Read The Bleiberg Project (Consortium Thriller) Online
Authors: David Khara
E
ytan takes the pile of
complimentary newspapers off the coffee table. He rapidly flips through the pages until he finds the article he’s looking for.
“Here we are. International section of today’s
London Times
. ‘
The situation in Mexico is causing serious concern in the scientific community. The number of deaths linked to a new and particularly virulent strain of influenza has increased dramatically in recent weeks. The virus causes severe diarrhea, leading to dehydration. According to authorities, an estimated 2,000 people have died, and the number is rising. The incubation period seems much shorter than other influenza strains. A delegation from the World Health Organization is due to arrive in Mexico City, and credible sources are talking of widespread quarantine measures.’

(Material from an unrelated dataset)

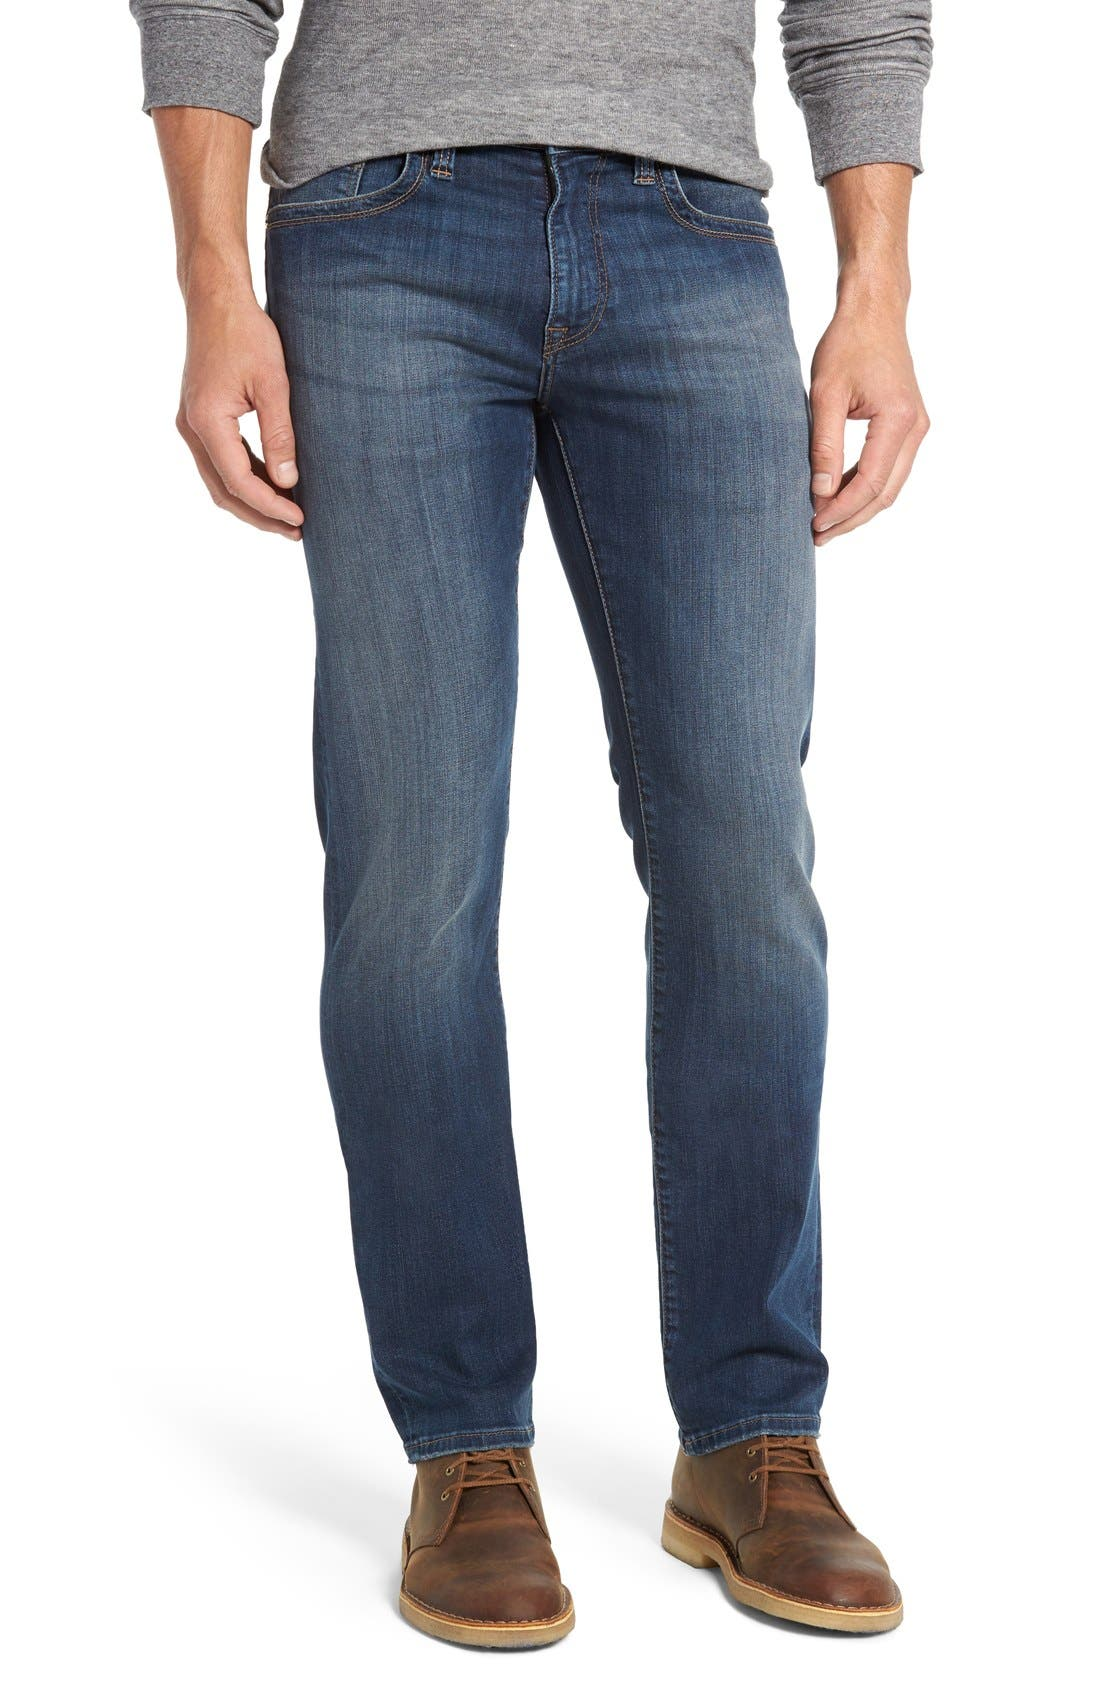 Men's 34 Heritage Courage Straight Leg Jeans,  35 x 32 - Blue

I’ll spare you the reporter’s half-assed analysis of the geopolitical consequences,” Morg concludes, lobbing the paper at my feet.
“So there is a health scare,” Jackie sighs with a frown.

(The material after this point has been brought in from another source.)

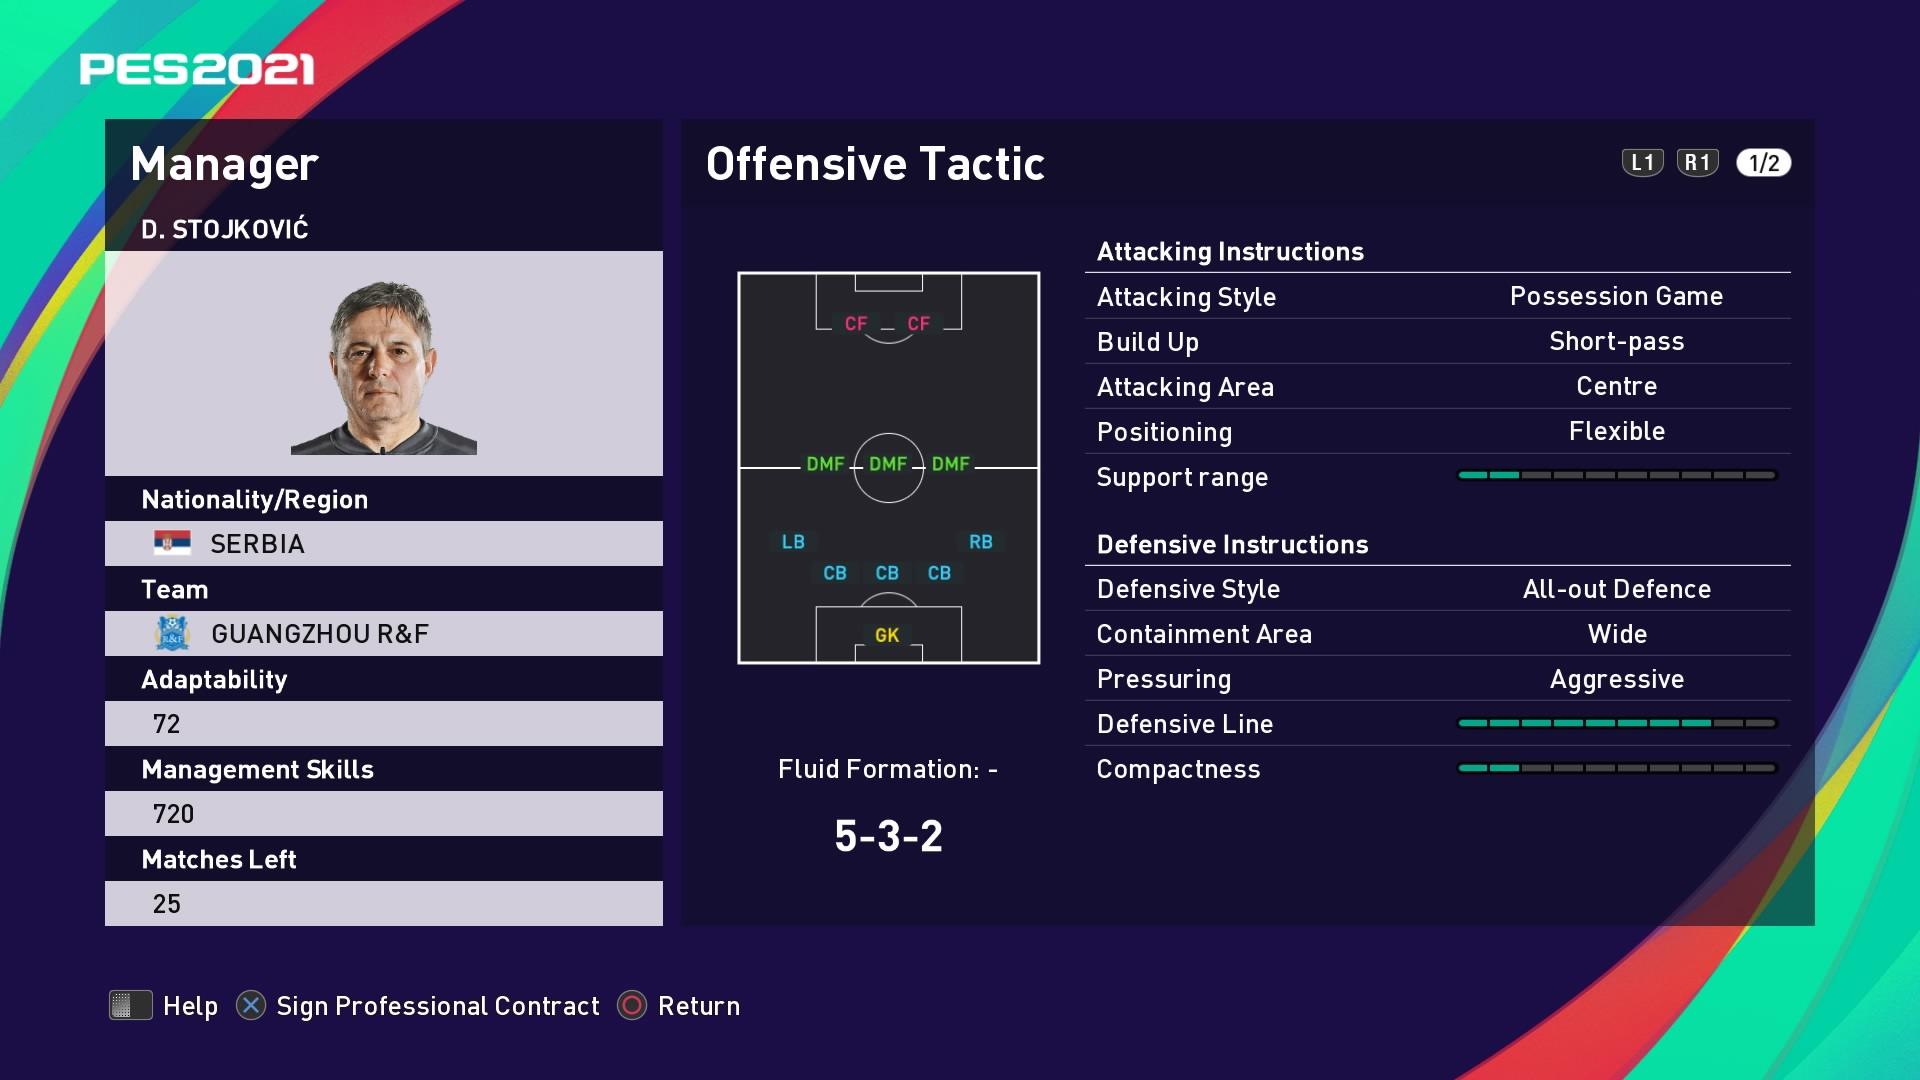 D. Stojković (Dragan Stojković) Offensive Tactic in PES 2021 myClub

“It’s better that way. At least, now we know what the vaccines are for.” From the way they look at me, I figure I’ve said something stupid. “What?” I splutter.
“Labs order chemicals that will enable them to produce tons of vaccine just a few months before a particularly virulent epidemic starts, and you find that reassuring?”
Maybe they have a point.
“Hold on, before you crank up your conspiracy theories, remember there are pharmaceutical watchdogs and epidemiologists all over the world. There are even tighter controls than on many other sectors. Those guys just had great intuition. I’m not convinced.”

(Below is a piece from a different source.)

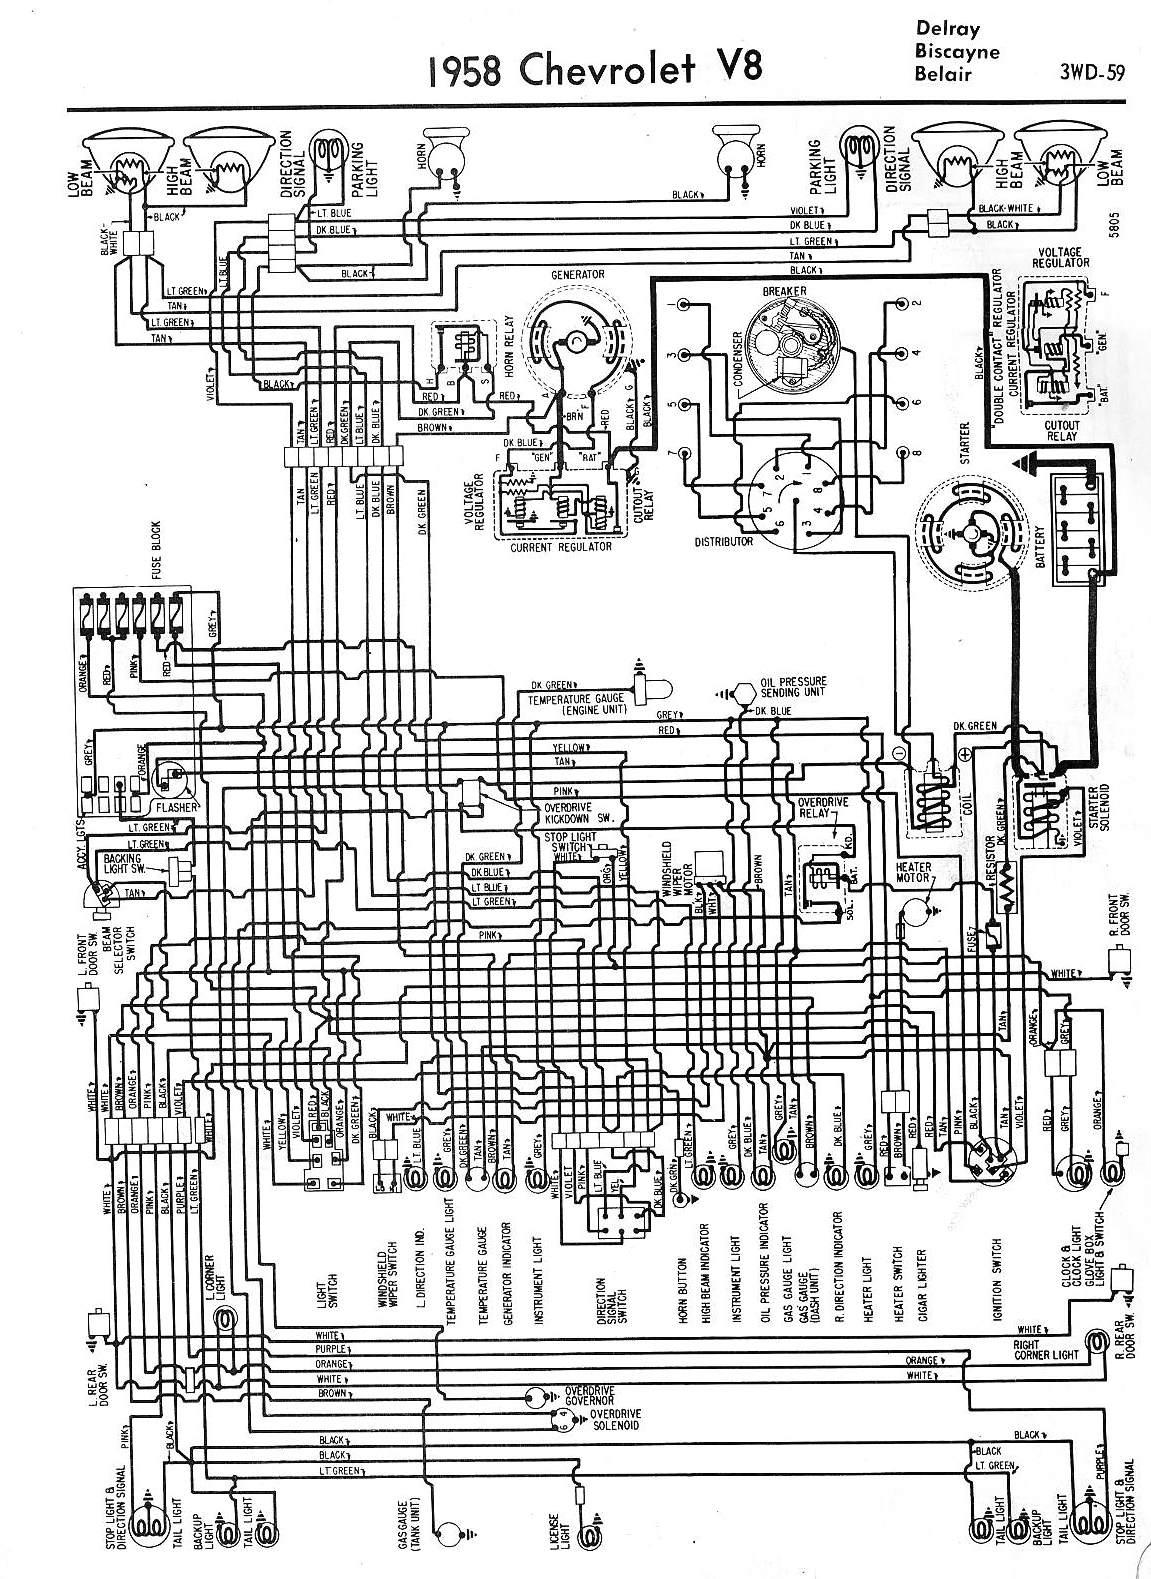 Admirable 1958 Chevrolet Wiring Diagrams 1958 Classic Chevrolet Wiring Cloud Xortanetembamohammedshrineorg

Before Morg can reply, Jackie intervenes. “Before debating the ins and outs, maybe you should tell us who you are, why you’re protecting Jay and on whose orders.”
Short and to the point. Love it.
“My name is Eytan Morg. I work for Metsada, a unit within Mossad. To be even more precise, I’m a Kidon agent.”
“Kidon?” That earns me more appalled looks. Apparently I should know.
“Kidon is a subunit created in the early seventies to conduct covert operations. The general public learned of it when Spielberg made
Munich
.”
Now she’s talking to me like I’m stupid. “Sorry, Jackie. Never saw it.”
She goes on, “Kidon is the abduction and execution unit of the Israeli secret service. The name means bayonet in Hebrew. At the CIA, we study their techniques. Generally, they work in teams of four. Three men and a seductive woman if the target is a man. So, Agent Morg—Kidon Morg, I should say—where are your colleagues?”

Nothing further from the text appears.